**WHAT NEEDS TO BE DONE**. What lines in the material hold the string "stock"? Copy out each of them.

**INFORMATION GIVEN**.
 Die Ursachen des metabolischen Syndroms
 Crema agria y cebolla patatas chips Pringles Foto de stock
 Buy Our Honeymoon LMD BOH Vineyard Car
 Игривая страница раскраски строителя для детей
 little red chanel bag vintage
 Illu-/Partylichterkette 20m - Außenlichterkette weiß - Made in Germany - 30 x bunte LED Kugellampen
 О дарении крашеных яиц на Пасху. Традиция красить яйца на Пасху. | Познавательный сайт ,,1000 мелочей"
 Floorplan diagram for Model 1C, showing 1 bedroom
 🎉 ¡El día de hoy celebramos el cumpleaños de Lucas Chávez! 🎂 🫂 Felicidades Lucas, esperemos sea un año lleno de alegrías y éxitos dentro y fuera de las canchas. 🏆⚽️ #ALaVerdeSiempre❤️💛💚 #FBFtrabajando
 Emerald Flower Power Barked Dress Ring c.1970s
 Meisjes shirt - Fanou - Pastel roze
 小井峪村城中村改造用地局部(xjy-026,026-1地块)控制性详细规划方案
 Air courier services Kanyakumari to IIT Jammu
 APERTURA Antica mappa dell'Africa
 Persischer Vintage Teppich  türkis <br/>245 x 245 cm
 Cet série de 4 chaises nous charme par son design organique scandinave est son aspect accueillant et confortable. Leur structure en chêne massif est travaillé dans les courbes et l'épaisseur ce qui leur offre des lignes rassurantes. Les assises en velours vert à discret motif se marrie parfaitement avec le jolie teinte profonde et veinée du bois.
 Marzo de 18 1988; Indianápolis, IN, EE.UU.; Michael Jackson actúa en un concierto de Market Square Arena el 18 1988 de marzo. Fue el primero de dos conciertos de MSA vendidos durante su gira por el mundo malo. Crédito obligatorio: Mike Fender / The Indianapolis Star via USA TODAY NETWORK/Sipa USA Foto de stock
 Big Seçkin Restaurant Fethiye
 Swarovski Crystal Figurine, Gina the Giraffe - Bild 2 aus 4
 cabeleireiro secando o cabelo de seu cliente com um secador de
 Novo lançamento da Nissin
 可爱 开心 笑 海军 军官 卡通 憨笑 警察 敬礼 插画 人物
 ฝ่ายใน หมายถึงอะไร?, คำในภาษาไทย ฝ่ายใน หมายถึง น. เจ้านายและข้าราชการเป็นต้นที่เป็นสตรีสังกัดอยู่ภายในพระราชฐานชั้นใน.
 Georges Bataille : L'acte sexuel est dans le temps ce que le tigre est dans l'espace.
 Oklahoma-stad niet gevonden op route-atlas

**SOLUTION**.
 Crema agria y cebolla patatas chips Pringles Foto de stock
 Marzo de 18 1988; Indianápolis, IN, EE.UU.; Michael Jackson actúa en un concierto de Market Square Arena el 18 1988 de marzo. Fue el primero de dos conciertos de MSA vendidos durante su gira por el mundo malo. Crédito obligatorio: Mike Fender / The Indianapolis Star via USA TODAY NETWORK/Sipa USA Foto de stock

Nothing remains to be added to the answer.